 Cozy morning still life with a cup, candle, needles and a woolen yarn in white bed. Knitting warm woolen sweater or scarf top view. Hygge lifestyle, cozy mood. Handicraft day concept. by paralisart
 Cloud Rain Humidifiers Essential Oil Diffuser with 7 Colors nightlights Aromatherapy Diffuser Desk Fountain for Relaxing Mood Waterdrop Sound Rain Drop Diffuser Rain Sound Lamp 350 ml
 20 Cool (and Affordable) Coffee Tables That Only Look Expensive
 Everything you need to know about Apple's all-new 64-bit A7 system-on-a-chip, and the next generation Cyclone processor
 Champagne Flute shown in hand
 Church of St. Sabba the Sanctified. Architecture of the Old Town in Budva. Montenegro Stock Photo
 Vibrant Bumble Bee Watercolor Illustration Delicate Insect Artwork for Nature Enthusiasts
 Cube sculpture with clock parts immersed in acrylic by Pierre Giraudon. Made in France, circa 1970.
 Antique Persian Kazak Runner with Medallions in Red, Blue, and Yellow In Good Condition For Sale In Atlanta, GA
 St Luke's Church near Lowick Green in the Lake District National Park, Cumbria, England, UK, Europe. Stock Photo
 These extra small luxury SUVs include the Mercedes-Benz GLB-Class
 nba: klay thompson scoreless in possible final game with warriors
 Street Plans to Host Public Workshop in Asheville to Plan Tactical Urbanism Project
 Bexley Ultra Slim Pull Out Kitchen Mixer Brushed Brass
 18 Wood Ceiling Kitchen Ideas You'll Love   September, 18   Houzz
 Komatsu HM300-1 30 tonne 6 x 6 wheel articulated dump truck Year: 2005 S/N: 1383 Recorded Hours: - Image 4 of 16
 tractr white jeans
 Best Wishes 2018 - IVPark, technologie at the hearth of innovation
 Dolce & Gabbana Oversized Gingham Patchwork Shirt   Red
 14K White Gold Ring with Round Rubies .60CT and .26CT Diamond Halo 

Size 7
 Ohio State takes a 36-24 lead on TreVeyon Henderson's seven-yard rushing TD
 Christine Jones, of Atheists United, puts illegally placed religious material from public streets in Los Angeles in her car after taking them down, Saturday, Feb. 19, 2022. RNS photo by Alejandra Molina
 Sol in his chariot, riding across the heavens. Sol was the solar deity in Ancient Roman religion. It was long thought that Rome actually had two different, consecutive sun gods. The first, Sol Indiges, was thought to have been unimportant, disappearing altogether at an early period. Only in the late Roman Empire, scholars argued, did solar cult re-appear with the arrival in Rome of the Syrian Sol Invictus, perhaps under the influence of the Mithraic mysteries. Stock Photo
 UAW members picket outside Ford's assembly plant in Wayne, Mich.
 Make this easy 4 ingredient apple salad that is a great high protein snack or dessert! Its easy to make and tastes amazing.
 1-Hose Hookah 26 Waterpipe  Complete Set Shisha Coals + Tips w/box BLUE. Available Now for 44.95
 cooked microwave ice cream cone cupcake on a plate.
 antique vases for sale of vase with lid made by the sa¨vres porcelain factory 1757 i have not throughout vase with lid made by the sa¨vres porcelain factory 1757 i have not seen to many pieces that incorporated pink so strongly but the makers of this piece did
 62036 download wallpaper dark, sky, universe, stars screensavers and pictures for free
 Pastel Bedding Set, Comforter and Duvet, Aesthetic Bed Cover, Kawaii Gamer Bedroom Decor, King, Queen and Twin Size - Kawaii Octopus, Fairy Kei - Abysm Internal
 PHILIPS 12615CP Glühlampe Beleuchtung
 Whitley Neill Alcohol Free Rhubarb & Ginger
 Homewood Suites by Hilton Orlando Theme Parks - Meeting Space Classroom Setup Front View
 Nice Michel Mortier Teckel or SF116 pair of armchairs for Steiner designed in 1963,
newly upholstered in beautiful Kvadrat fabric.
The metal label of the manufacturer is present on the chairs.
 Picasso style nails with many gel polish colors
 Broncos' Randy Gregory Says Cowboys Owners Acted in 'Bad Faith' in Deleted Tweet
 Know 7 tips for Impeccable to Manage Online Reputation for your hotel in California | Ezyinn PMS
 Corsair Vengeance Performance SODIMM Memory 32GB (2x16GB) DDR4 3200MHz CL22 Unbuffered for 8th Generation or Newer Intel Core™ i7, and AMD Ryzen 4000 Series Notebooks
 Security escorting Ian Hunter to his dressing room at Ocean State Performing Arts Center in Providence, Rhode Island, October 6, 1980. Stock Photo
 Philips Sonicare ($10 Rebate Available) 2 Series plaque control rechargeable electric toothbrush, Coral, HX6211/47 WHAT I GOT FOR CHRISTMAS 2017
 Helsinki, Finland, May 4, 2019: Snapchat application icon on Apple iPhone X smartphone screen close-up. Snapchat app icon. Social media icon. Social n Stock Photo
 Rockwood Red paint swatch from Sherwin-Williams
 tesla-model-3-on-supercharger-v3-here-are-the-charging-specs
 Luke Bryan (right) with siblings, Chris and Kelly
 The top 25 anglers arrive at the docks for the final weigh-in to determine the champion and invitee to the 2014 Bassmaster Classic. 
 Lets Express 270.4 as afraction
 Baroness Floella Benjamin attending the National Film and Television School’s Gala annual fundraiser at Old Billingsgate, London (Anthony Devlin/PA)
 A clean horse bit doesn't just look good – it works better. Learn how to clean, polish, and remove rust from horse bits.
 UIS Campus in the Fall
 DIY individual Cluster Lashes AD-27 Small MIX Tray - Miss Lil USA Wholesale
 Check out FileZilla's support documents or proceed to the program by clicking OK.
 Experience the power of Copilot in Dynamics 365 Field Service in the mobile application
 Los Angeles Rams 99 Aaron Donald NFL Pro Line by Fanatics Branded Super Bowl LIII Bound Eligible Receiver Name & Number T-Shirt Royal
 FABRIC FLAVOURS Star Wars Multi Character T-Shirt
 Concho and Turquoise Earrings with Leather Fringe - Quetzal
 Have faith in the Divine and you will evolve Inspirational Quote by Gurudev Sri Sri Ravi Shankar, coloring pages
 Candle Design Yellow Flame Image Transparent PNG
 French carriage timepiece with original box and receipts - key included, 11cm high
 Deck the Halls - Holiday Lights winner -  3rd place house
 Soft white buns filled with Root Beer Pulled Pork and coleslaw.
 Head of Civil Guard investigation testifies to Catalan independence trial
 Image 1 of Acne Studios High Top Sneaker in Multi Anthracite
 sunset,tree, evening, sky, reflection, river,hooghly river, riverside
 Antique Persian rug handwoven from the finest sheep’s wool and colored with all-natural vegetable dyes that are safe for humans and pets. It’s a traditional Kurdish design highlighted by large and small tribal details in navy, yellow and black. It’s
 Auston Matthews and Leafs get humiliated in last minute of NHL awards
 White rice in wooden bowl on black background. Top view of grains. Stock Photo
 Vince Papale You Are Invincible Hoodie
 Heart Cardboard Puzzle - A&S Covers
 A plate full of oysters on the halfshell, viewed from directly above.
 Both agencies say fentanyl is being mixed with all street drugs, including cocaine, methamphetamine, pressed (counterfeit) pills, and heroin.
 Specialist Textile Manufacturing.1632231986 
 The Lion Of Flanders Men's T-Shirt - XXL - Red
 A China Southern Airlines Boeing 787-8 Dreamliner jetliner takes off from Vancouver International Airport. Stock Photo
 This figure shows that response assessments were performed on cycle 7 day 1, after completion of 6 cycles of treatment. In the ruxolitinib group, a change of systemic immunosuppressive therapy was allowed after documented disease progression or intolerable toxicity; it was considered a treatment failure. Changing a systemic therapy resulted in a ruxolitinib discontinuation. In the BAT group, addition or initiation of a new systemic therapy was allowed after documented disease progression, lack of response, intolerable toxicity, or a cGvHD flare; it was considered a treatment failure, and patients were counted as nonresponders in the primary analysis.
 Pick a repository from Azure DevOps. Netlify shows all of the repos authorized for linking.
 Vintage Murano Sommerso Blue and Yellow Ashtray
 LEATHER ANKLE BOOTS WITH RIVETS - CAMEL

------------------------------------------------------------------------

• What needs to be done:
Restate word for word the entries above, starting at the line with "St Luke's Church" and ending at the line with "62036 download wallpaper", inclusive, and no others.

• Response below:
 St Luke's Church near Lowick Green in the Lake District National Park, Cumbria, England, UK, Europe. Stock Photo
 These extra small luxury SUVs include the Mercedes-Benz GLB-Class
 nba: klay thompson scoreless in possible final game with warriors
 Street Plans to Host Public Workshop in Asheville to Plan Tactical Urbanism Project
 Bexley Ultra Slim Pull Out Kitchen Mixer Brushed Brass
 18 Wood Ceiling Kitchen Ideas You'll Love   September, 18   Houzz
 Komatsu HM300-1 30 tonne 6 x 6 wheel articulated dump truck Year: 2005 S/N: 1383 Recorded Hours: - Image 4 of 16
 tractr white jeans
 Best Wishes 2018 - IVPark, technologie at the hearth of innovation
 Dolce & Gabbana Oversized Gingham Patchwork Shirt   Red
 14K White Gold Ring with Round Rubies .60CT and .26CT Diamond Halo 

Size 7
 Ohio State takes a 36-24 lead on TreVeyon Henderson's seven-yard rushing TD
 Christine Jones, of Atheists United, puts illegally placed religious material from public streets in Los Angeles in her car after taking them down, Saturday, Feb. 19, 2022. RNS photo by Alejandra Molina
 Sol in his chariot, riding across the heavens. Sol was the solar deity in Ancient Roman religion. It was long thought that Rome actually had two different, consecutive sun gods. The first, Sol Indiges, was thought to have been unimportant, disappearing altogether at an early period. Only in the late Roman Empire, scholars argued, did solar cult re-appear with the arrival in Rome of the Syrian Sol Invictus, perhaps under the influence of the Mithraic mysteries. Stock Photo
 UAW members picket outside Ford's assembly plant in Wayne, Mich.
 Make this easy 4 ingredient apple salad that is a great high protein snack or dessert! Its easy to make and tastes amazing.
 1-Hose Hookah 26 Waterpipe  Complete Set Shisha Coals + Tips w/box BLUE. Available Now for 44.95
 cooked microwave ice cream cone cupcake on a plate.
 antique vases for sale of vase with lid made by the sa¨vres porcelain factory 1757 i have not throughout vase with lid made by the sa¨vres porcelain factory 1757 i have not seen to many pieces that incorporated pink so strongly but the makers of this piece did
 62036 download wallpaper dark, sky, universe, stars screensavers and pictures for free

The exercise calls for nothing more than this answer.